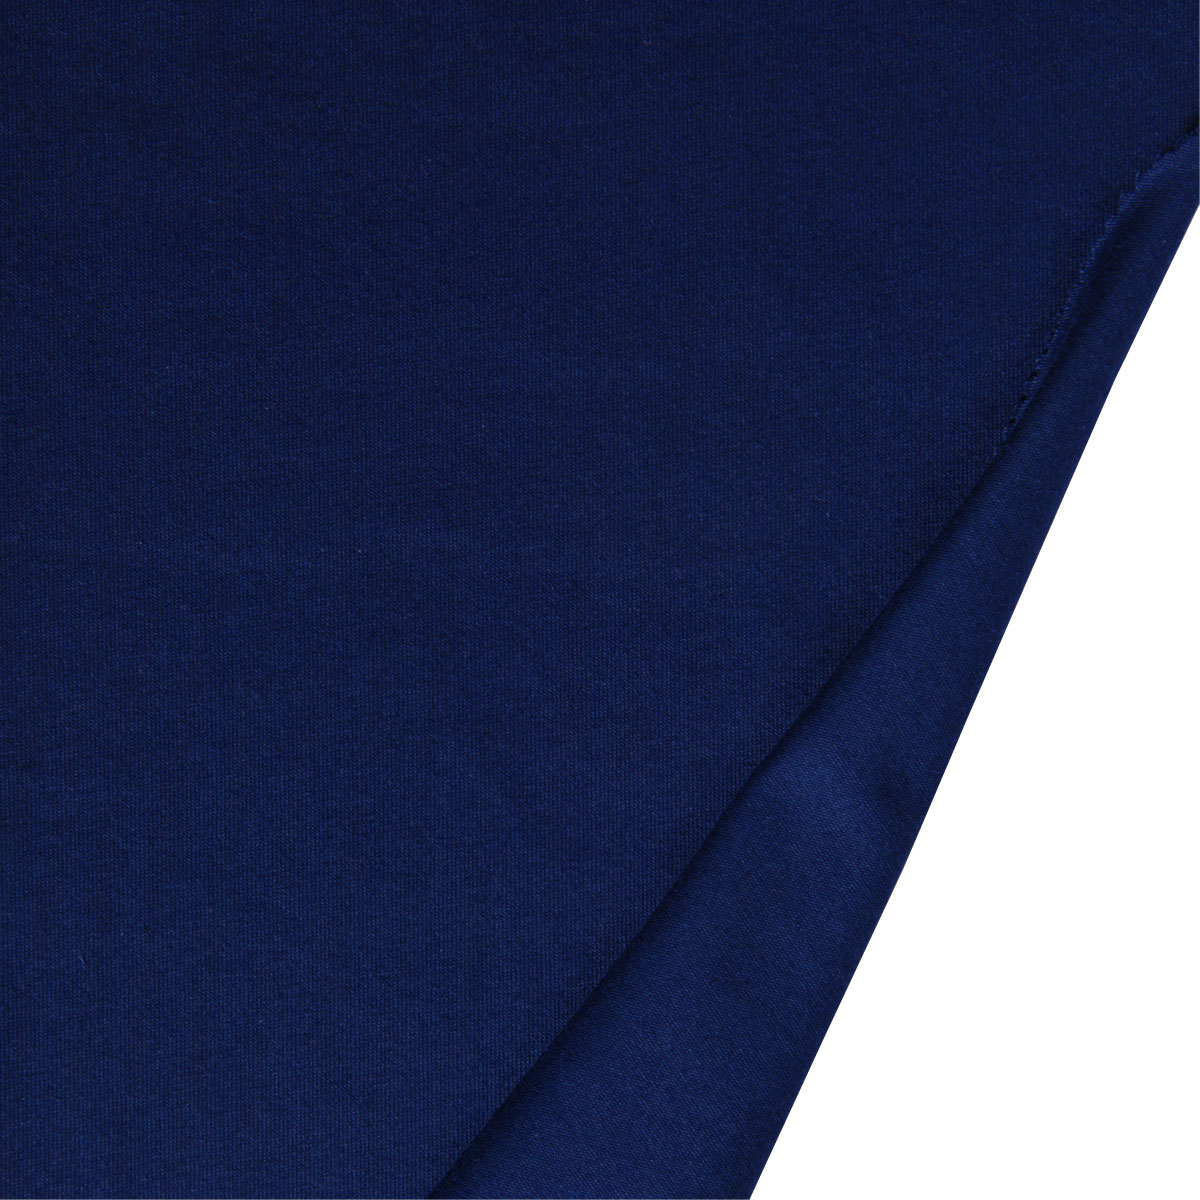 Dekostoff Lilly Uni dunkelblau in 1,6m Breite (METERWARE) Baumwollstoff Stoff aus 95% Baumwolle
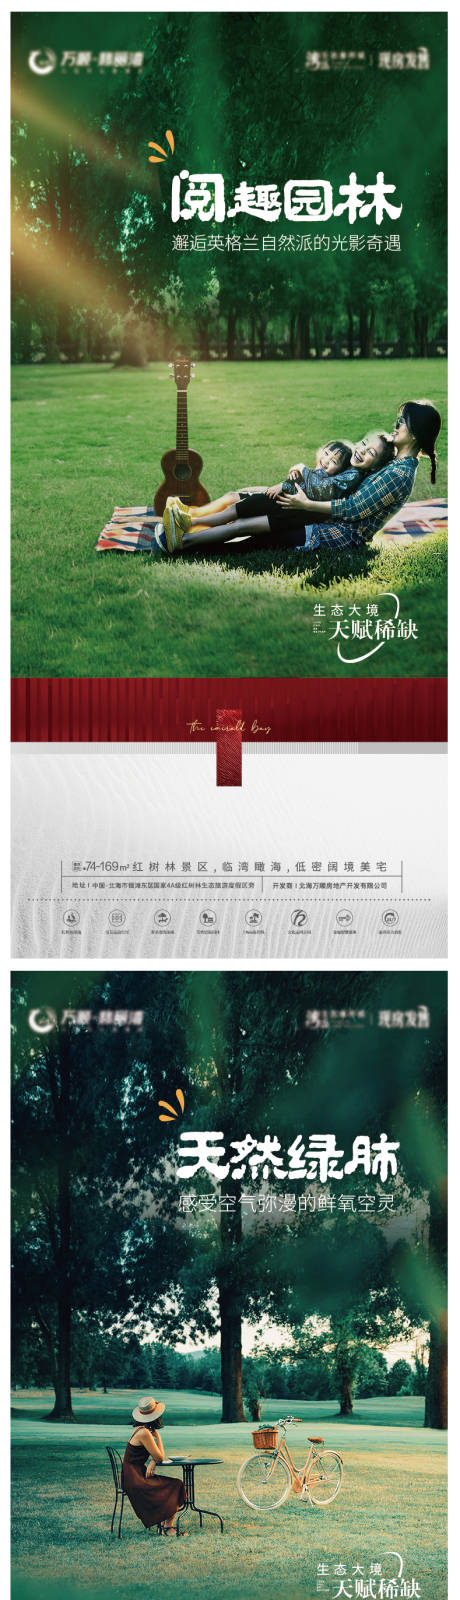 文旅地产园林景观系列海报
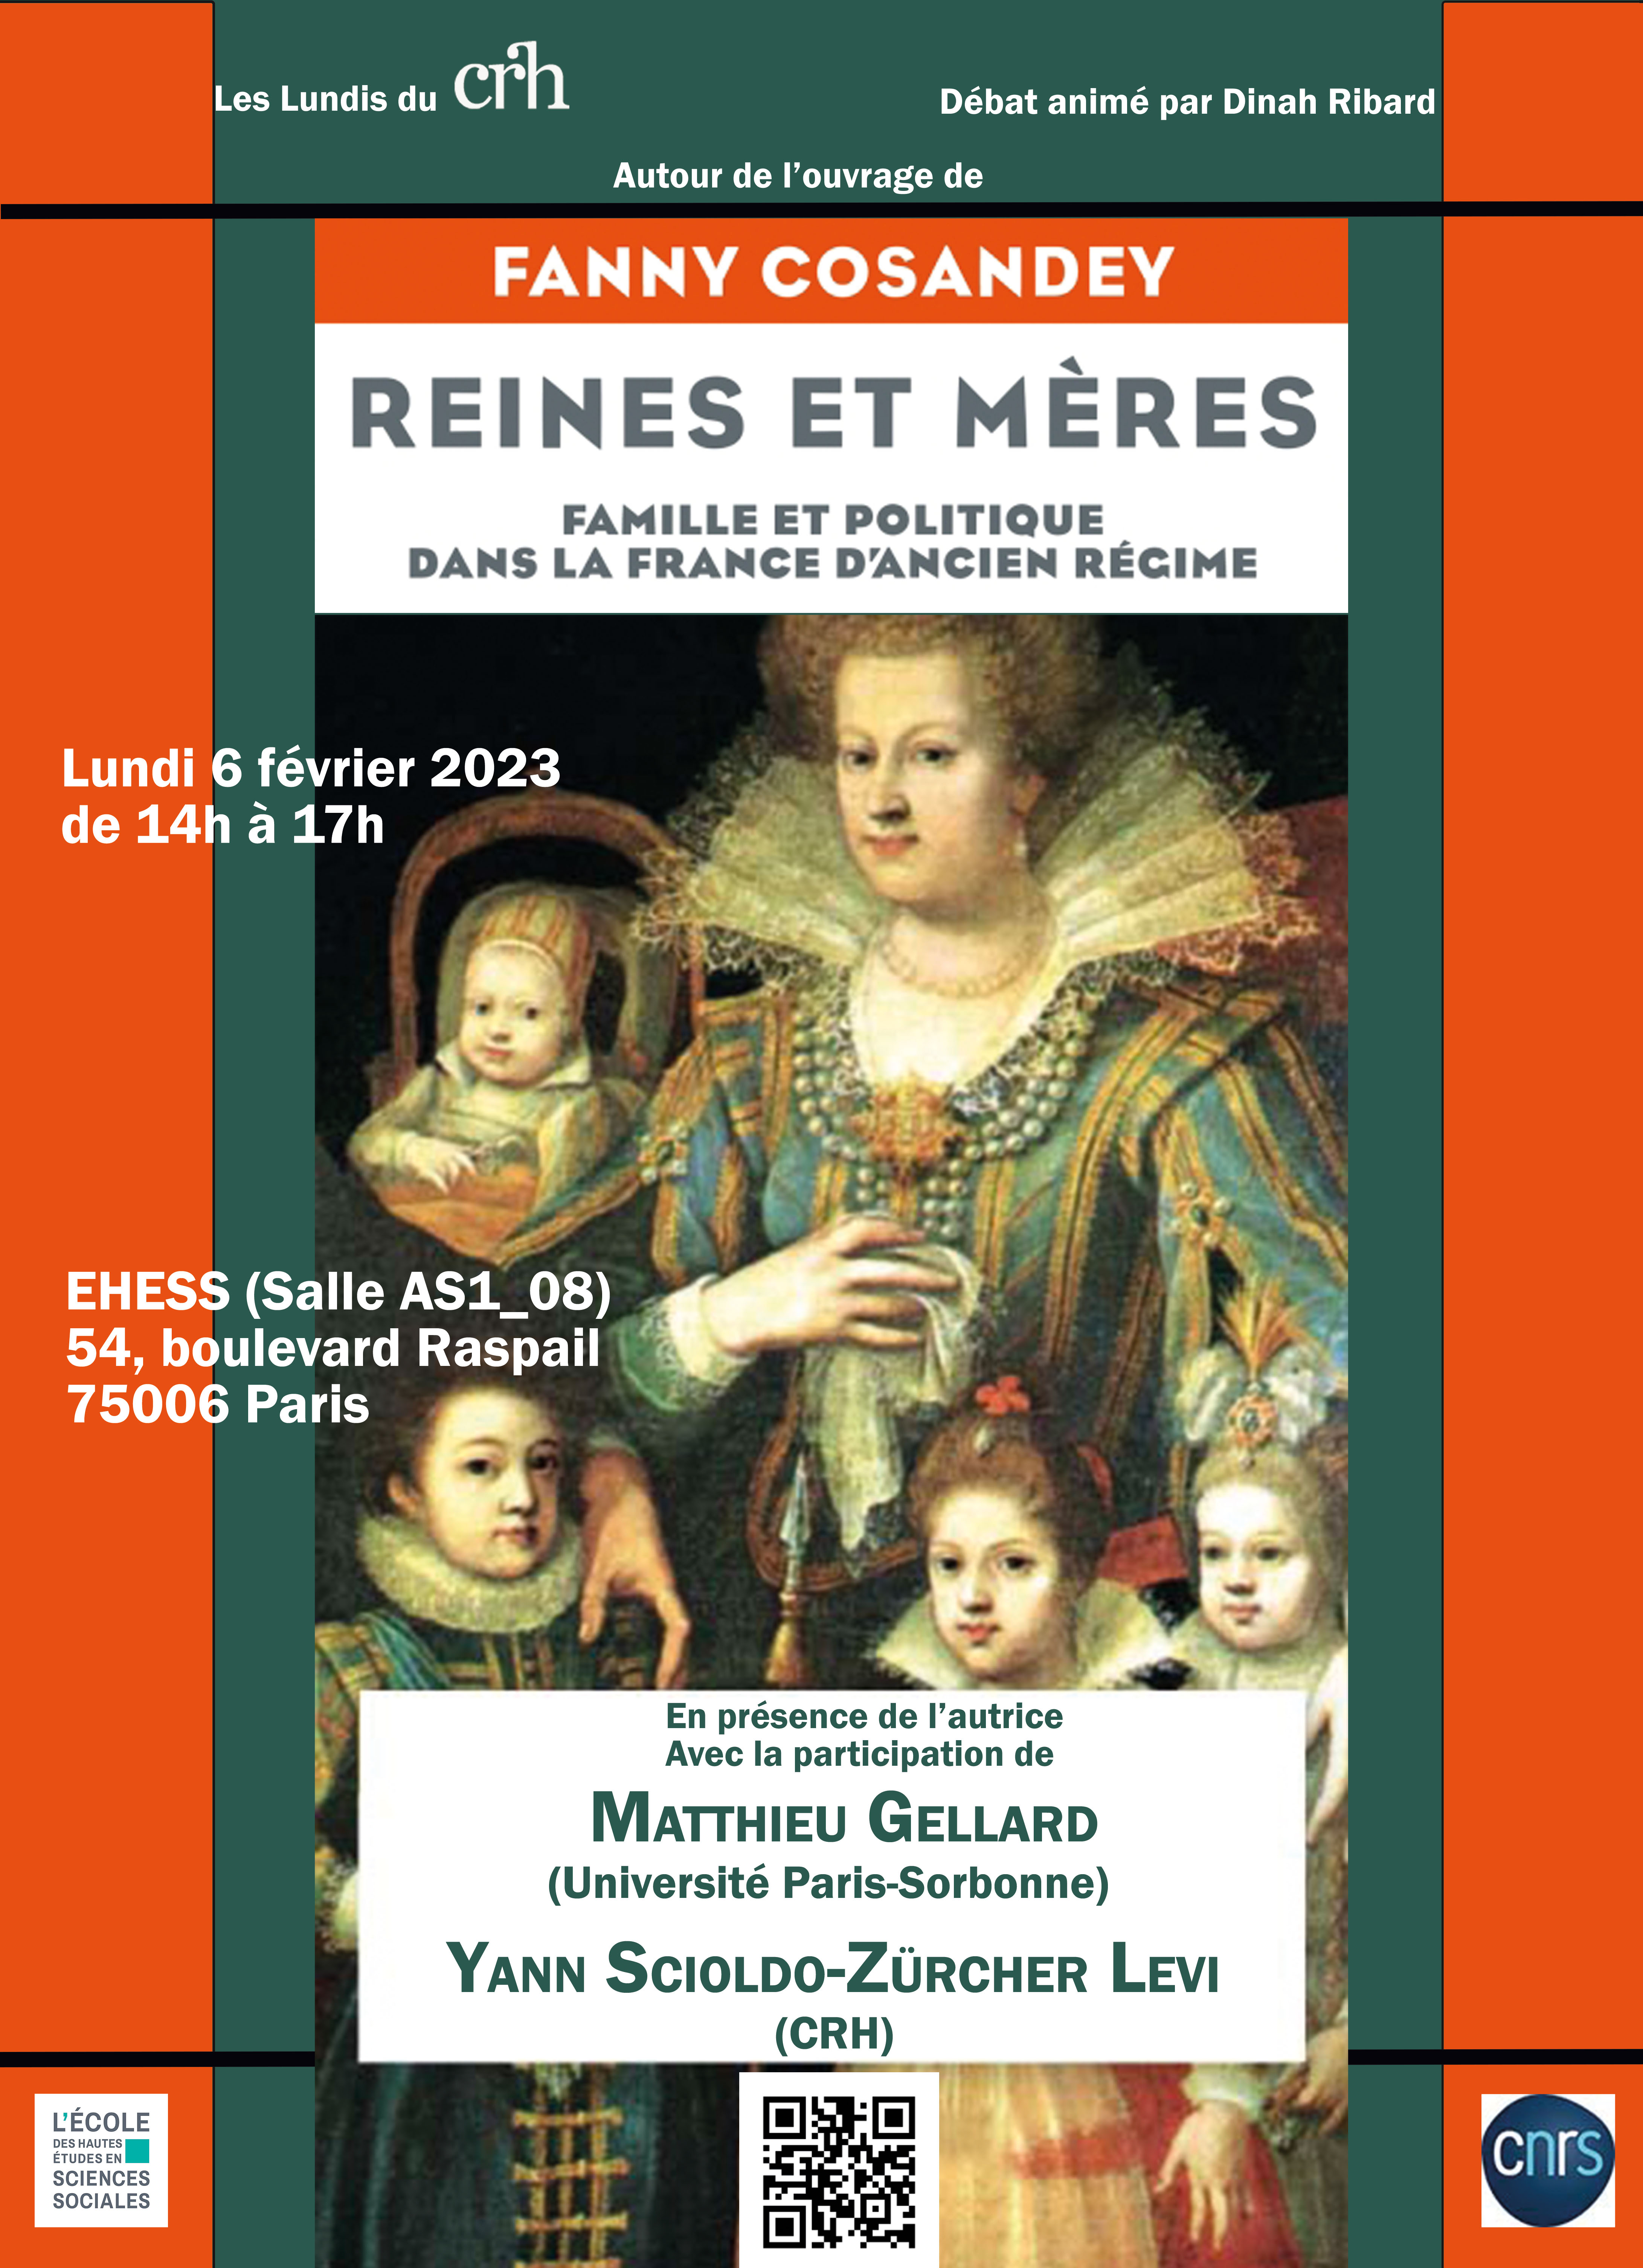 Autour de l'ouvrage de Fanny Cosandey, Reines et mères. Famille et politique dans la France d'Ancien Régime
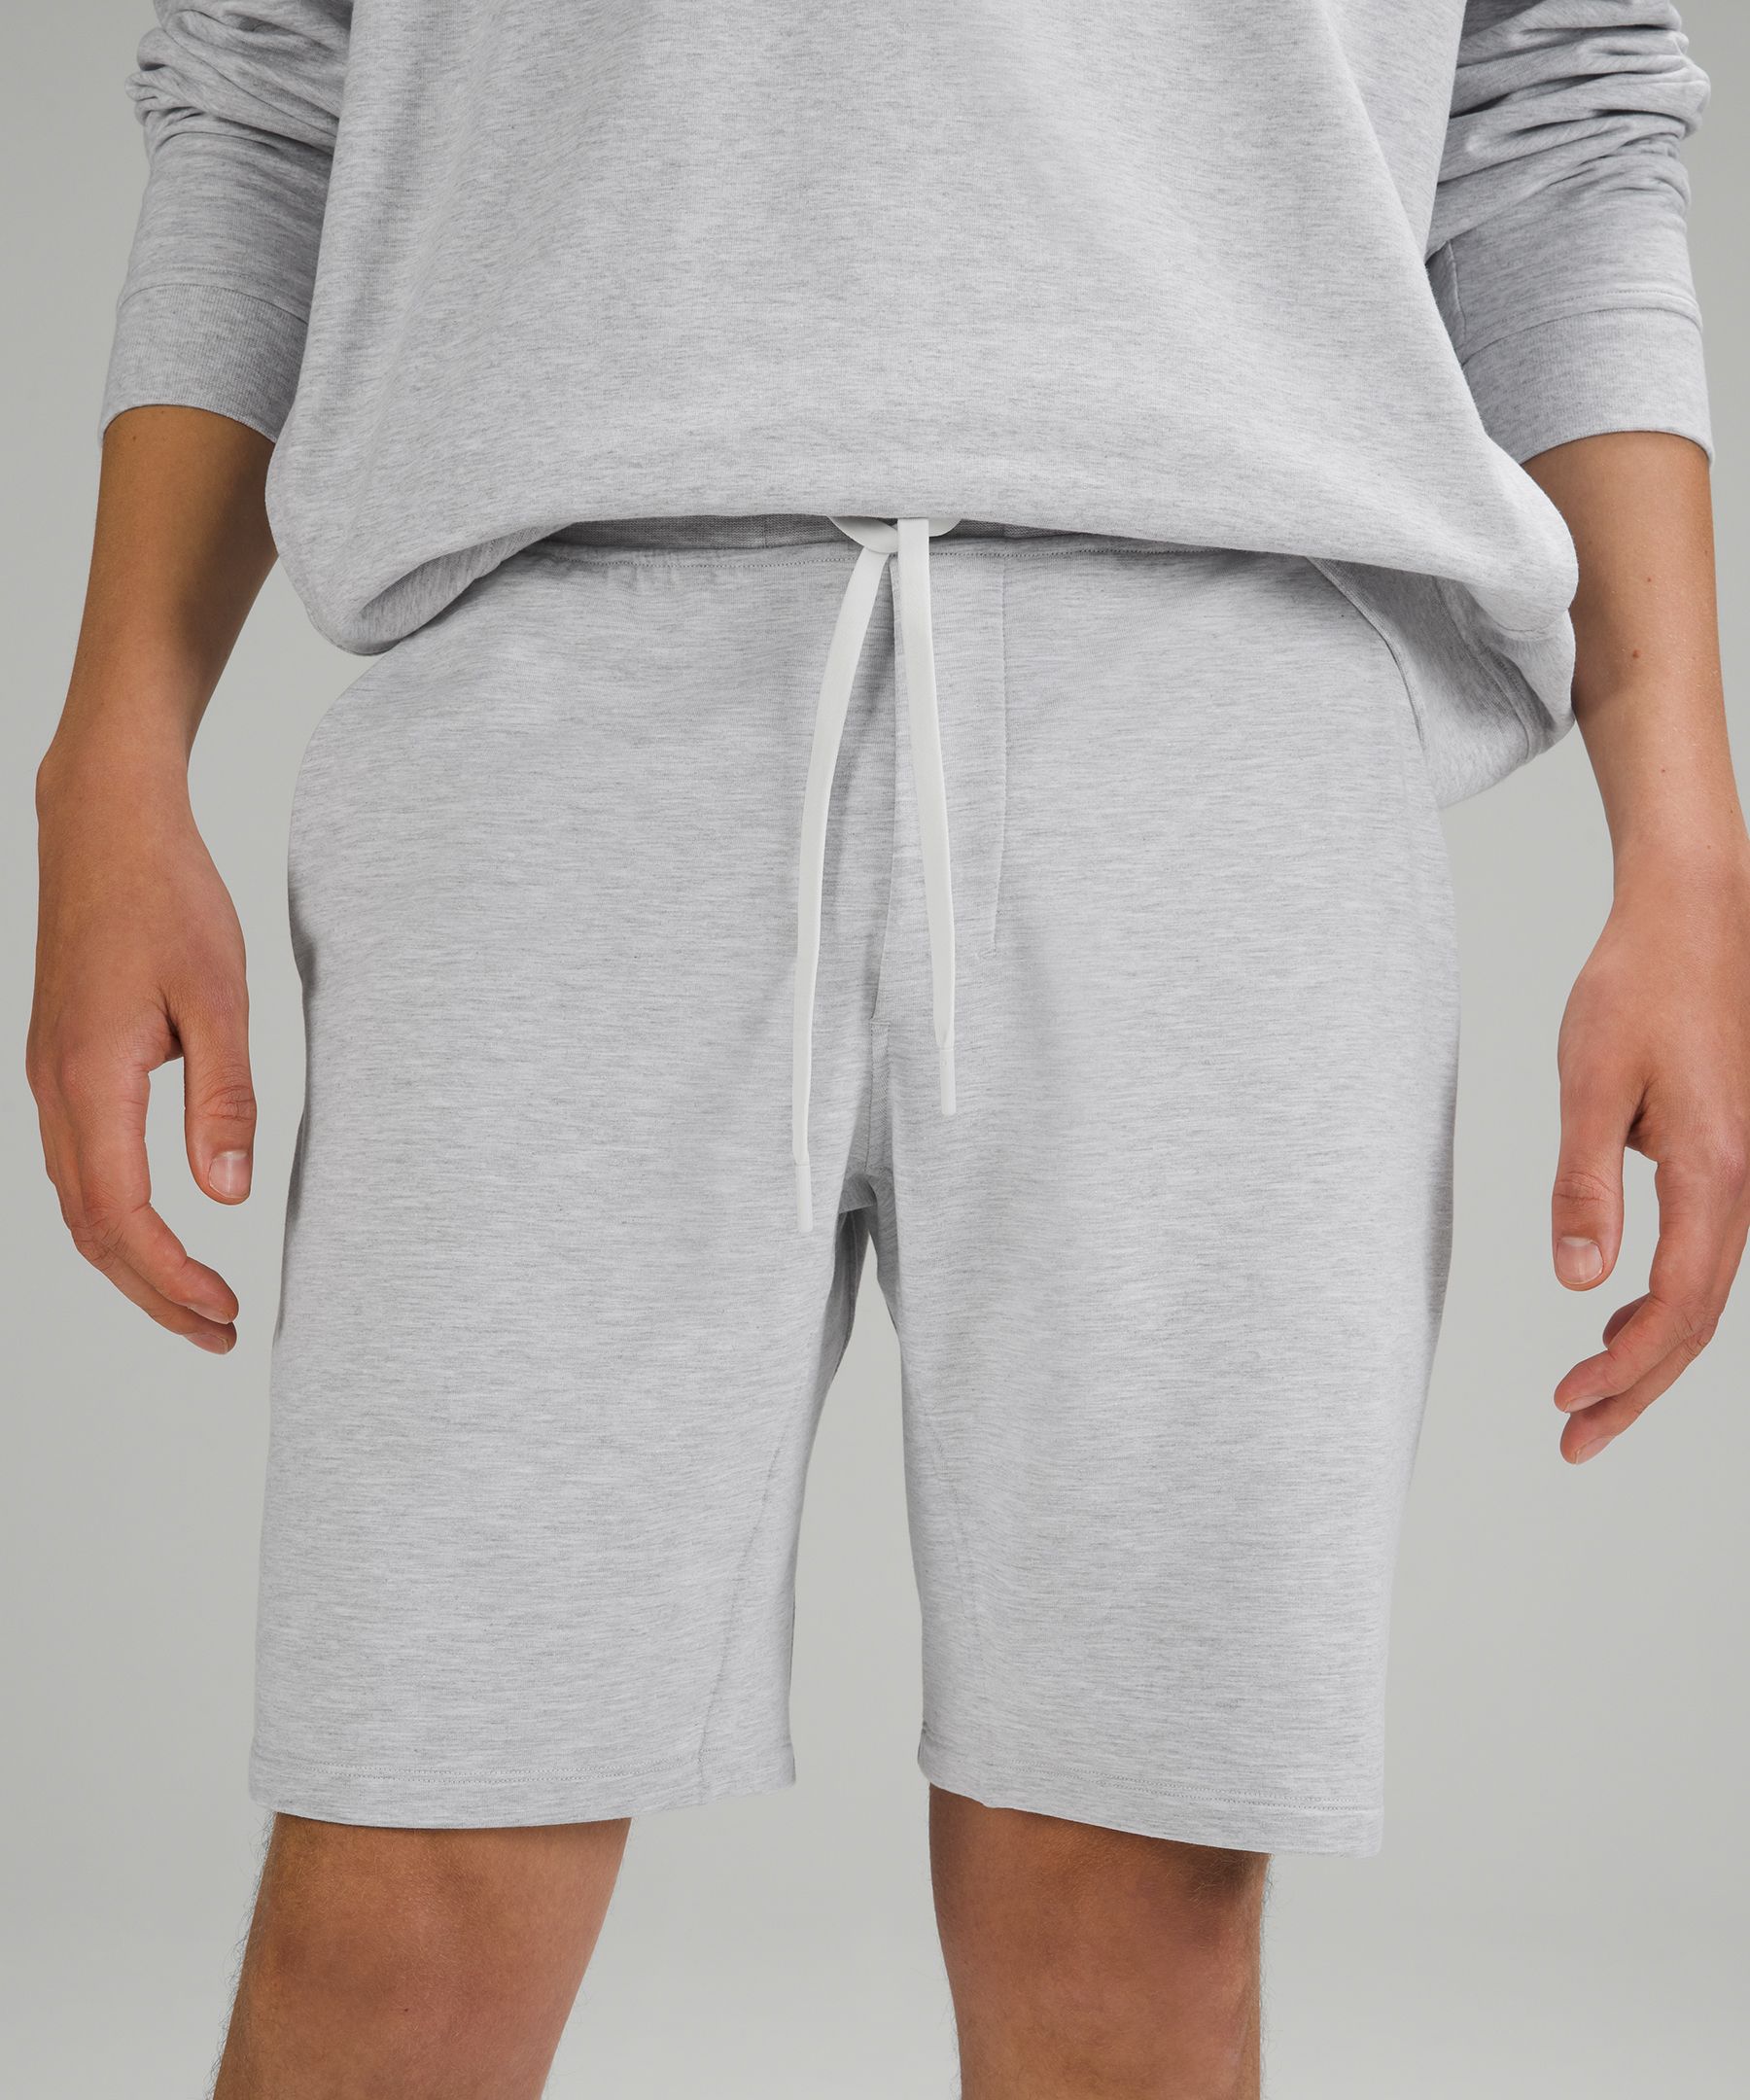 lululemon sweatpant shorts

> _WORK INSTRUCTION_: From the line containing "文旅地产园林景观系列海报" down to the last line of the data above, transcribe exactly those lines and no others; omit the pictures.

> _EXERCISE SOLUTION_:
 文旅地产园林景观系列海报
 Autour de l'ouvrage de Fanny Cosandey, Reines et mères. Famille et politique dans la France d'Ancien Régime
 lululemon sweatpant shorts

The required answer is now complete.